Tel que défini par la jurisprudence, le caractère excessif d’une rémunération s’apprécie au regard de la situation de l’entreprise, de l’importance de ses activités et des responsabilités du dirigeant.

Déclarations et obligations administratives

Les entreprises soumises à l’IS doivent respecter plusieurs obligations déclaratives selon un calendrier strict. La déclaration annuelle de résultats (formulaire 2065) doit être déposée de manière dématérialisée dans les trois mois de la clôture de l’exercice, ou au plus tard le deuxième jour ouvré suivant le 1er mai pour les exercices coïncidant avec l’année civile.

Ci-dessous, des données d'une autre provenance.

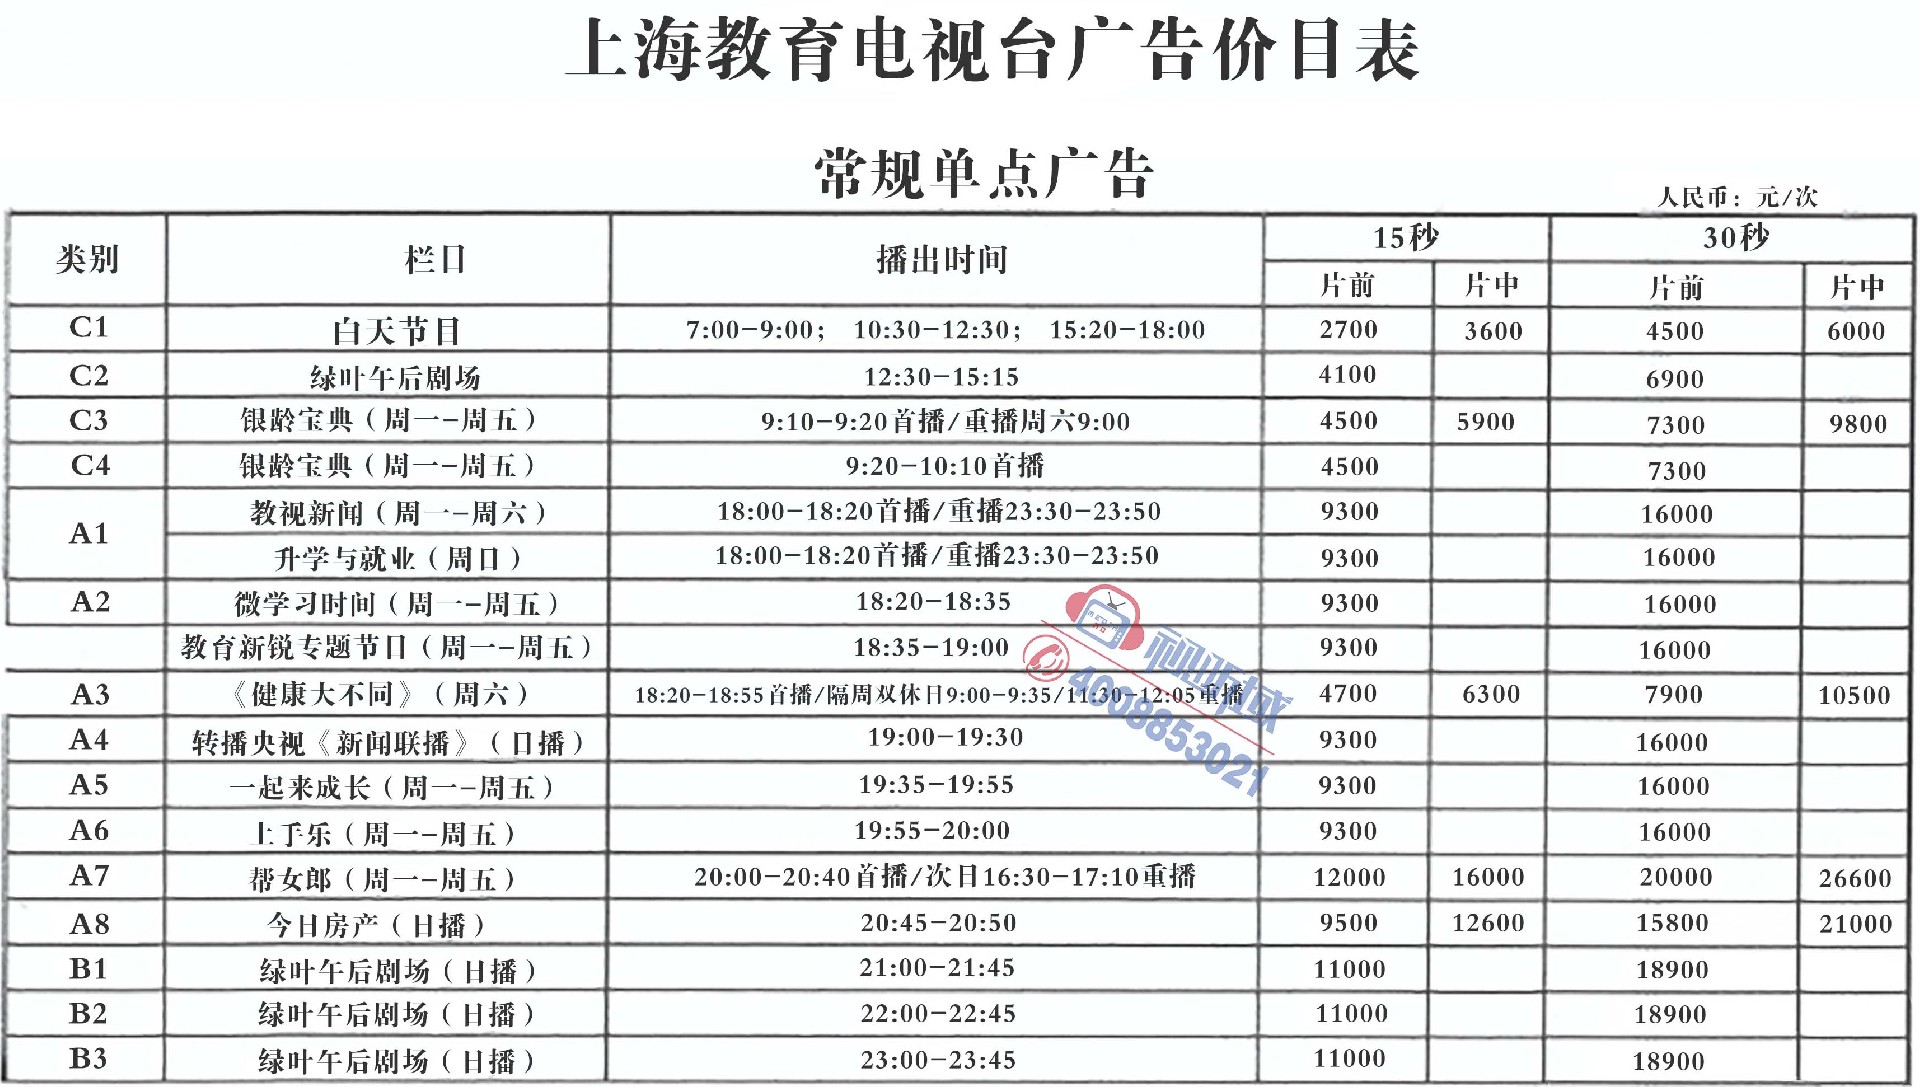 上海教育电视台广告价目表-1.jpg
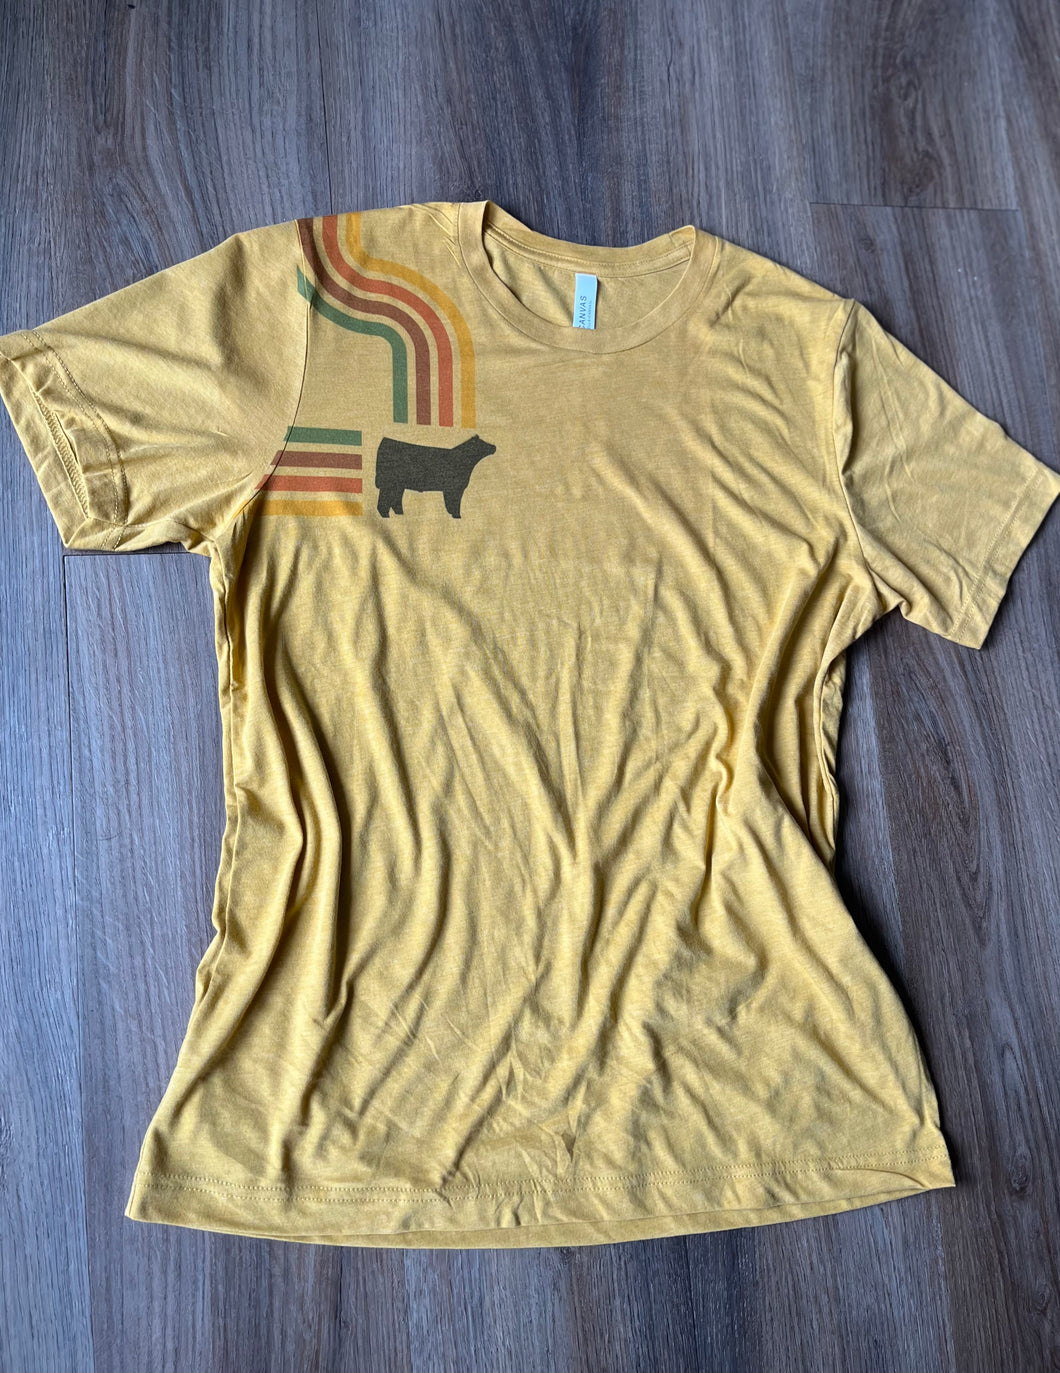 Vintage Show Stock T-shirt ~ unisex

Dans le cadre du versement des acomptes, chaque paiement doit être accompagné du relevé correspondant (formulaire 2571), tandis que le solde final nécessite le dépôt du relevé de solde (formulaire 2572). Il est donc important de vérifier que tous ces documents sont transmis dans les délais impartis pour éviter les pénalités de retard.

L’assujettissement à l’IS entraîne fréquemment une obligation de déclaration de TVA, créant des liens étroits entre ces deux impositions dans la gestion fiscale globale de l’entreprise.

L’impôt sur les sociétés constitue un pilier de la fiscalité des entreprises avec un taux normal de 25% et un taux réduit de 15% pour les PME éligibles. La maîtrise de ses mécanismes, du calcul aux modalités de paiement, s’avère essentielle pour optimiser la charge fiscale et respecter les obligations légales.